В такой патриархальной стране, как Вьетнам, где очень крепки родовые связи, еще одно зло войны — разбитые семейные очаги.
Девочки, с двумя веерами каждая, начинают танец порхающих бабочек. Забываю о комарах. Грациозность: девочкам нет и шести, а они с таким гибким изяществом вращают своими костями. Тысячелетняя утонченность, которая, как видно, в крови. Ха собрала в себе всю миловидность, деликатность, нежность и уязвимость своего народа. Ее движения рисуют с детской сосредоточенностью плавную волнистую линию.
Невозможно, чтобы этот хрупкий цветочек был военным объектом.
«…При ночной тревоге каждый ребенок хватает одного меньшего ребенка на руки и бежит в убежище».
Ха кланяется и запевает. Песенка сопровождается упругой игрой кистей. Представляю себе, как эти тоненькие руки, налитые сном, ищут во мраке меньшего ребенка, приподнимают его с силой, появившейся от страха, как эти ножки-тростинки бегут в грязные окопы, скользят, увязают… Голос нежен, как трели вьетнамского кузнечика. Но ребенок поет больше движениями, всем телом, всем своим существом. Хоан мне переводит слова о каком-то герое, погибшем не знаю когда. Шумная орда деревенских детей вокруг затихает с открытыми ртами. Малыш, ростом с Ха, вылезает из тины ближнего болотца, где ловит рыбу корзинкой. Его забрызганное грязью лицо с блестящими черными глазами так напряжено, словно песнь он поймал, как серебряную рыбку. Но песенка кончается и ускользает от него.
— А дети не боятся бомбежек?
— Сказками, песенками, стихотворениями готовим их к войне. Недавно один американский самолет сбросил свои бомбы в трех километрах отсюда. Грохот был страшный, все качалось. Дети убежали в убежище без суматохи, там молчали, не плакали. Каждая воспитательница берет по два-три ребенка на руки. Была большая бомбежка в Ким-ане, недалеко отсюда. Наши зенитчики стреляли. Ничего плохого не случилось…
1967. В детском саду около Хайфона.
Мне знакомо вьетнамское «ничего плохого…».

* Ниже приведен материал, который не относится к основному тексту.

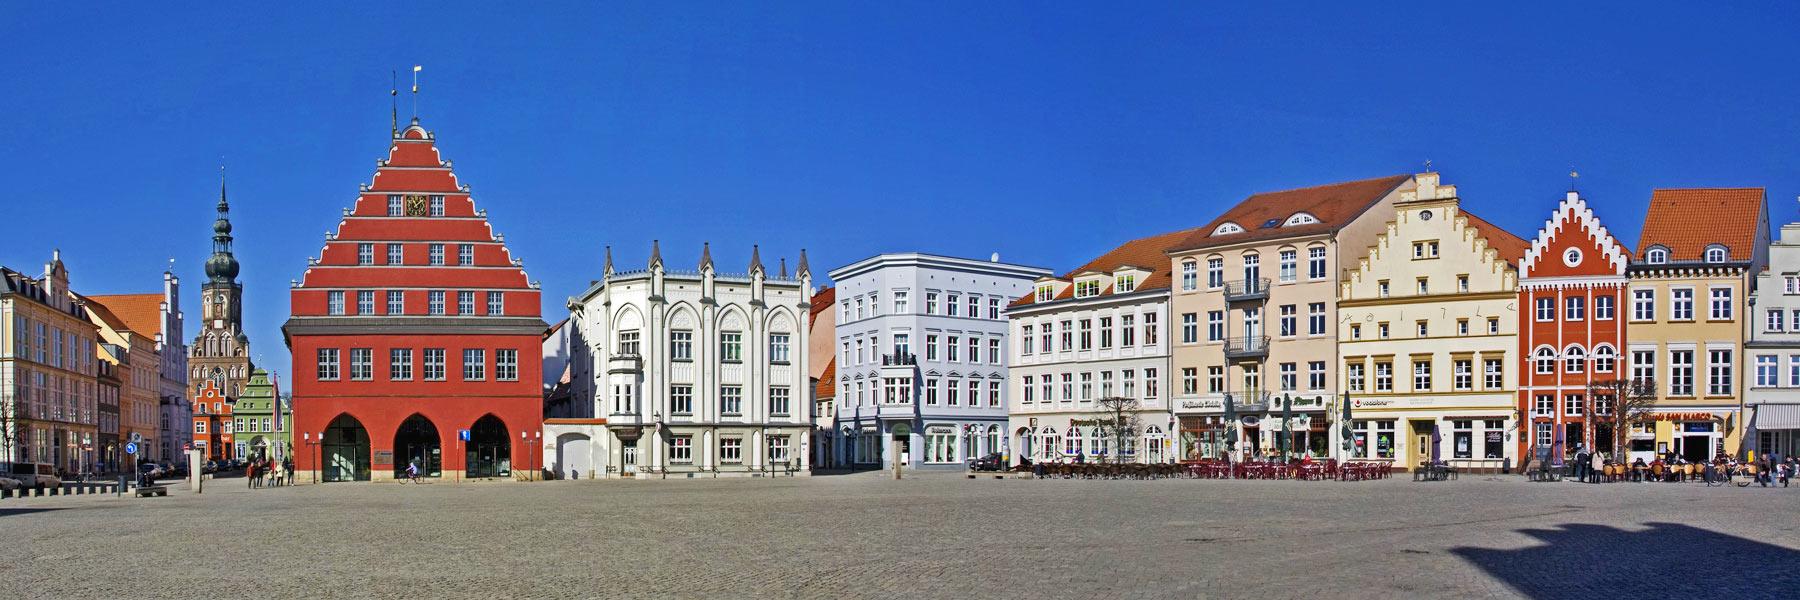 Marktplatz Rathaus - Hansestadt Greifswald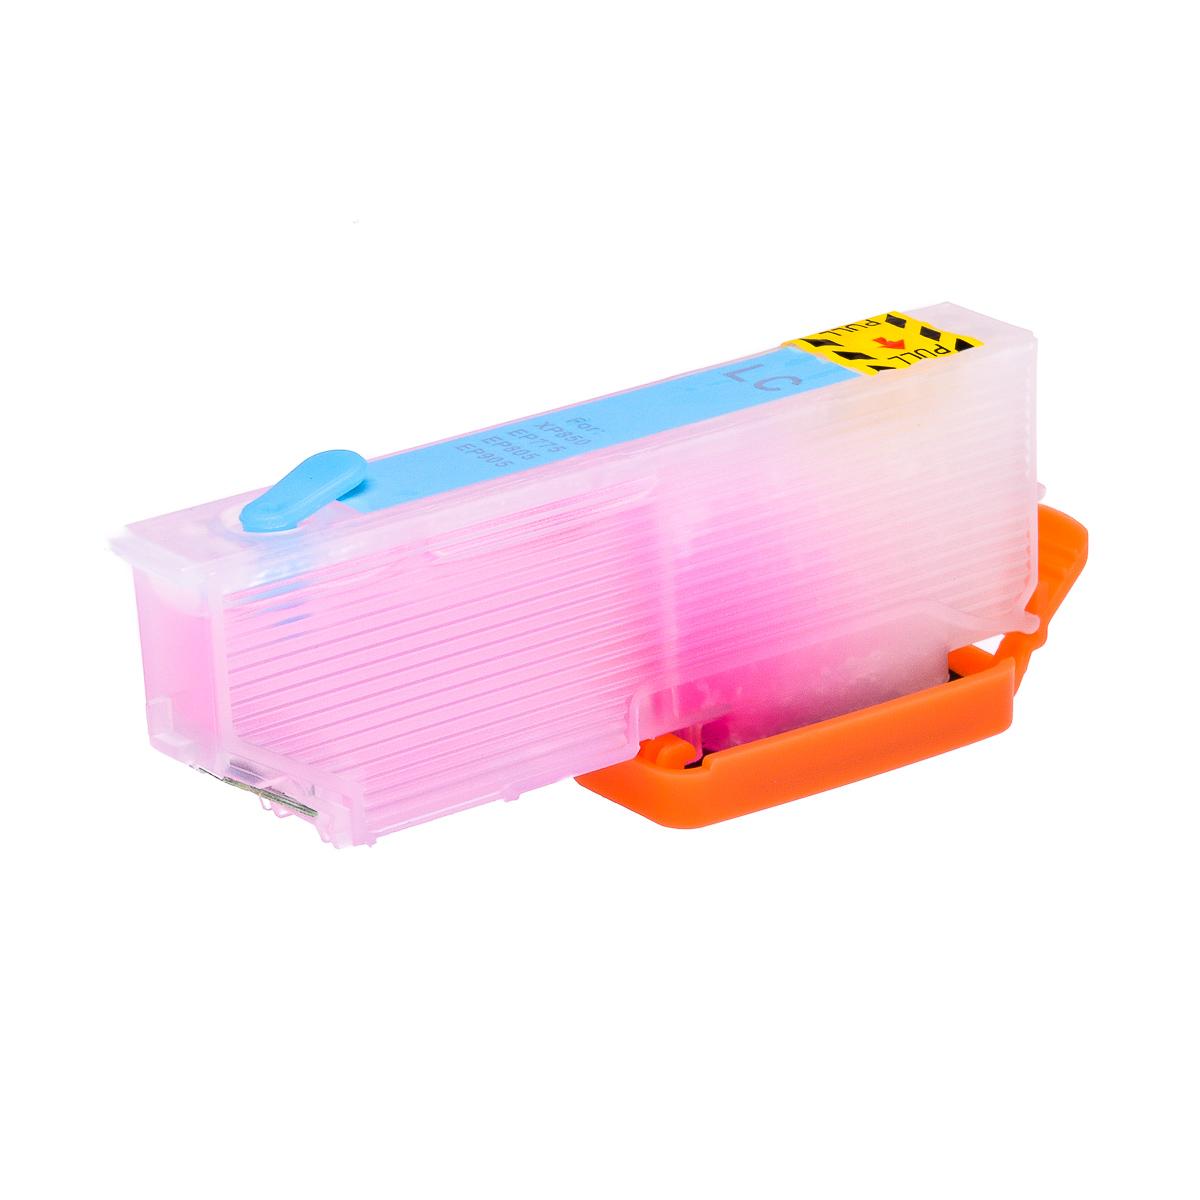 Light Cyan printhead cleaning cartridge for Epson XP-55 printer

— Среди детей есть почин: «Хороший внук дяди Хо». Четверо в нашем саду получили это высокое звание, а это не просто.
— Кто это?
Идут четыре чистеньких фартучка. Среди них и «моя» Ха. С таких лет участвует в «починах». Господи! Целую три прыщавые мордочки, чтобы под конец поцеловать разрумянившуюся щечку Ха. Ощущаю, как она инстинктивно отдергивается. Либо она не привыкла к тому, чтобы ее целовали, либо я ей совсем чужая. Смотрю вблизи на атласную черную косу, длинную, до пояса, завязанную в «лошадиный хвост», на миндалевидные, с опущенными ресницами глаза. Когда перевожу с нее взгляд на других, она, используя мгновенье, впивается в меня двумя глазками-маслинами. Какой же крупнолицей, пепельноволосой, зеленоглазой марсианкой я кажусь этим глазам? Она выскальзывает и начинает играть около меня. Какие века изваяли эту фарфоровую фигурку, чтобы она дошла до нашего автоматизированного века? Она — сама детская хрупкость и уязвимость под невинно синим небом, коварно нависшим над ней.
«…При ночной тревоге каждый ребенок хватает одного меньшего на руки и бежит в убежище».
— Девочка! Давай я тебя увезу в мою страну. Зовут ее Страной роз. Там нет бомб. Целыми днями будешь играть, а ночью будешь себе сладко спать.
Опустив головку, словно отяжелевшую от сомнений, девочка что-то спрашивает. Взрослые засмеялись. Хоан переводит, преобразившись в ребенка:
— Где твой дом?
Смотрю на запад. Закат распахнул перед нами небо в бесконечную даль.
— Видишь, куда уходит спать солнце. Там мой дом.
Девочка приподнимается на цыпочки, что-то ей мешает увидеть мой дом. Она взбегает на могильный холмик. Засматривается с большим удивлением в даль. Ждет, что блеснут окна сказочного дома, а кругом розы. Возвращается грустная.
— Давай, пошли! — я тяну сопротивляющуюся ручонку.
Ребенок что-то говорит, царапая ножкой в сандалии замысловатые фигурки на песке. Ее чириканье снова рассмешило взрослых. Хоан переводит от души:
— Не могу уйти так далеко…
Нечего возразить.
Деликатно приглашают меня к машине. Нужно возвращаться в Хайфон, в его прибрежные улочки, где нет ни единого ребенка. Прощаюсь со всеми, а про себя еще и с одной Ха. Она для меня воплощение и олицетворение детской беззащитности и во Вьетнаме и на всей Земле. Ее ручонка с браслетом отделяется от моей большой, но беспомощной руки. Да, назад мне дороги нет. Все мои цели и замыслы, которыми я руководствовалась до этого дня, затоптаны и спутаны тонкими, смуглыми, в припухших расчесах ножками одного ребенка.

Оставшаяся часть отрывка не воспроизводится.